Why? Well, there was something irresistible about the Giants. After July 4 they played at a .630 pace. (Their improvement coincided with the emergence of their rookie sensation, catcher Buster Posey; on July 5 he hit a home run, two days later two more, the next day another, and two days later one more.) They chased down the Padres to win the NL West title on the final day. They were a team filled with comeback stories: First baseman Aubrey Huff, for example, at age 33 and on his fifth team, had a career year that might earn him some MVP votes. They pitched well, they played hard, they hustled for runs. They beat the Braves in four games in the NLDS—all four games decided by one run.
And then they stunned the Phillies and Halladay in Game 1 of the NLCS in Philadelphia. The biggest hero was that onetime rodeo-clown prospect, Ross. He was waived by the Marlins in late August, and the Giants claimed him, mostly to keep him away from their offense-strapped rivals in San Diego. Ross grew up in New Mexico, where his dad wrestled and roped steer, and he was drawn to rodeo clowns because of their fearlessness. In his first at bat against Halladay—who had thrown 11 hitless innings in the postseason to that point—Ross homered to left. His next at bat, he homered to almost the exact same spot. Lincecum battled through seven tough innings, and another waiver-wire pickup, Burrell, a former Phillies mainstay who was released in May by Tampa Bay after proving to be hopeless as a designated hitter, hit a key RBI double. The Giants won 4--3. Another one-run victory. "To be honest," Ross said afterward, "I got lucky."
Ross has been lucky all month. He homered to break up Derek Lowe's no-hitter in the sixth inning of the Giants' Game 4 victory over Atlanta in the NLDS. And the night after he burned Halladay, Ross broke up a no-hitter by Philadelphia's Roy Oswalt in the fifth with yet another homer to the same spot in the leftfield stands. ("Stupid pitch," Oswalt said. "You can't throw him fastballs on the inside part of the plate; we know that.")

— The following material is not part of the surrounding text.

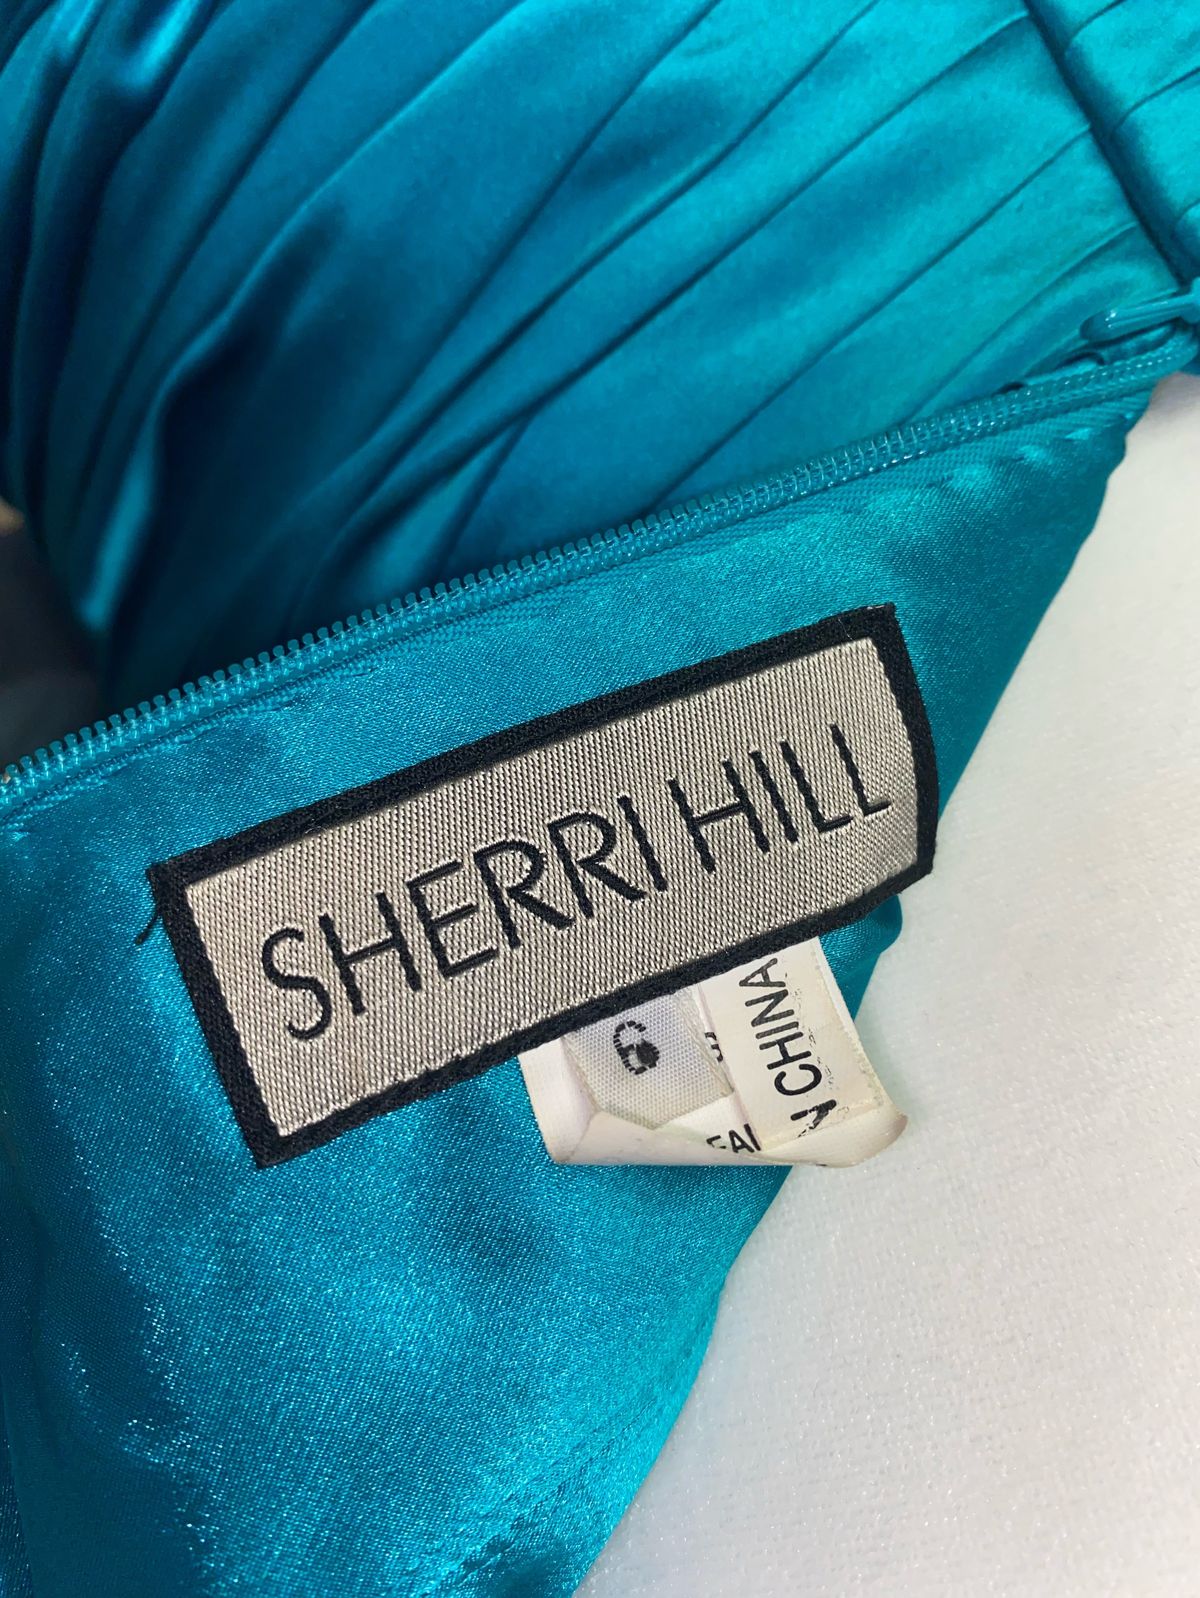 Sherri Hill Size 6 Prom One Shoulder Satin Blue Side Slit Dress on Queenly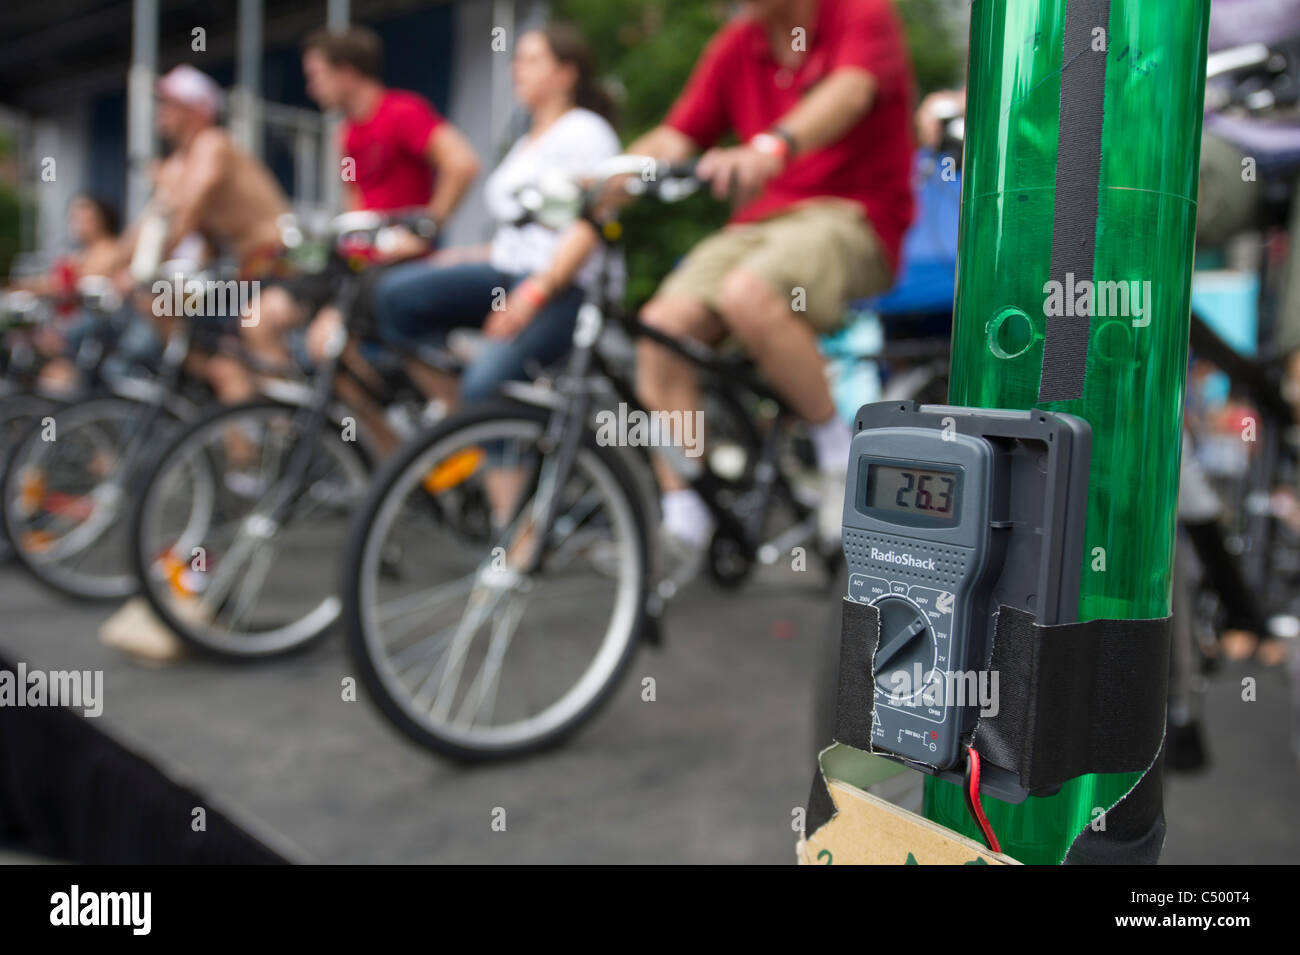 Générateur de vélo Banque de photographies et d'images à haute résolution -  Alamy

That homer was not enough, though. The Phillies—sparked by a three-run double from the previously slumping Jimmy Rollins and by Oswalt's dominant performance—breezed to a 6--1 victory to tie the series. The Phillies looked confident and in charge again. But nobody in San Francisco expected that the Giants would win this series easily. Not this team.
"You know, this is the most likable Giants team of my lifetime," Breton says. "Those teams with Mays and McCovey, they were great, but they weren't exactly cuddly. The Will Clark, Jeffrey Leonard Giants, they definitely had a little bit of an edge. The Barry Bonds, Jeff Kent Giants, well, it goes without saying....
"I never could quite go all in with those Barry Bonds Giants. I know a lot of people who did.... I just couldn't. It was amazing to watch him, but there was something missing for me. And then this team comes along, and there are no stars, and they're good guys, and they're all pulling the same rope. It's really a very different Giants team."
Breton can't help but think—hope—that because these Giants are different, their October results may be different. Maybe this is the kind of Giants team that finally wins the World Series. Many fans have found themselves thinking about finally ending 52 years of frustration. But perhaps they should take the lead from manager Bruce Bochy, who, when asked about fate, shook his head and said, "You know, the way we play, we really kind of need to just try real hard to win the next game. That's tough enough, winning one game."
As for Kuiper, whose April proclamation has become something of a rallying cry for the Giants (fans show up at AT&T Park with end the torture signs), he is just enjoying it all. "Oh, every game is still torture," he says. "Who knows how this whole thing will turn out? But that's what's great about baseball, right? Who knew torture could be so much fun?"